Against this background, imposing mandatory participation of airlines in ADR procedures would not effectively address the underlying issues and could potentially lead to further complications and dissatisfaction among consumers and traders. We are also concerned that it would be disproportionate to single out one sector for special treatment in horizontal EU legislation.

Mandatory ADR would also be an additional cost of doing business for those carriers who do not currently have ADR arrangements in place, and in particular non-Community carriers with very limited service to the European Union. Member States should avoid creating unintentional barriers to market entry that might hamper the sustainable development of Europe’s air connectivity and the competitiveness of its aviation market.
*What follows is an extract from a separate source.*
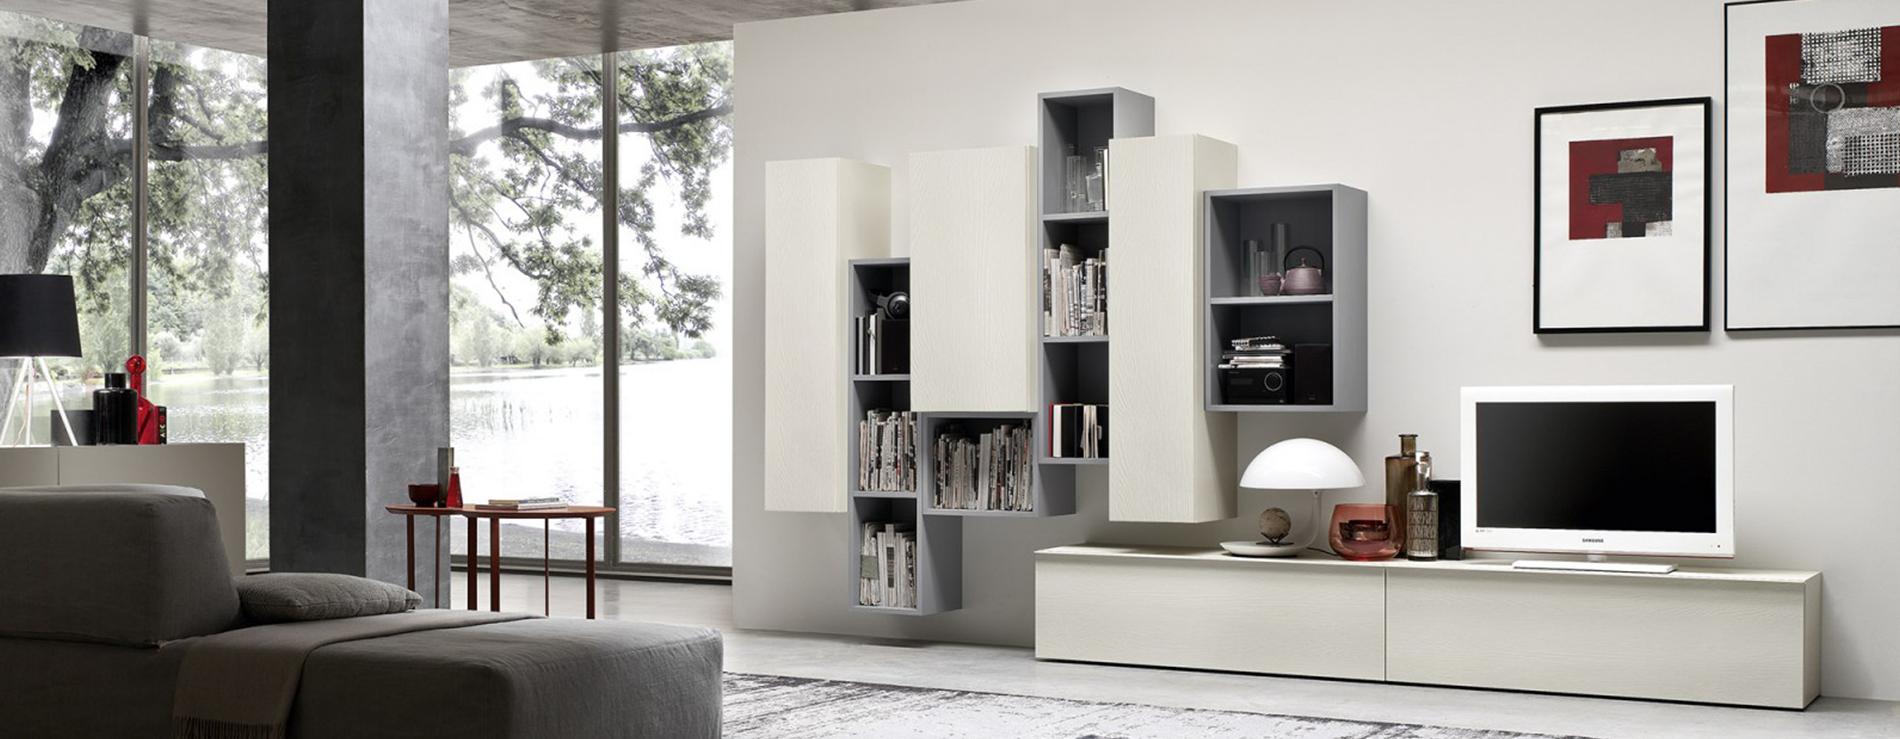 Composizione modulo 11 orme centro mobili - Centro italiano mobili ...

Moreover, in most Member States there are only one or two approved ADR providers at present. Where these are private sector enterprises, there is a serious concern among airlines that a mandatory ADR regime would create an effective monopoly or duopoly situation and could lead to increased costs as well as reduced service levels.

As recognised by the European Commission and by the TRAN Committee, it is most appropriate that Member States have the flexibility to decide whether or not to mandate participation in ADR procedures, considering the national circumstances as well as the capacity, competence, and specialisation of the national ADR bodies. The proposal already seeks to encourage greater participation in ADR proceedings by requiring traders to provide written explanations whenever they refuse to participate in the procedure. Moreover, the European Consumer Centres will play an important role in advising consumers (and traders) on how to seek redress in cross-border disputes.

We therefore urge the Member States to preserve the voluntary nature of ADR schemes and promote the development of specialised, high-quality ADR bodies. Any decisions to mandate participation of airlines in ADR should only be considered at the national level.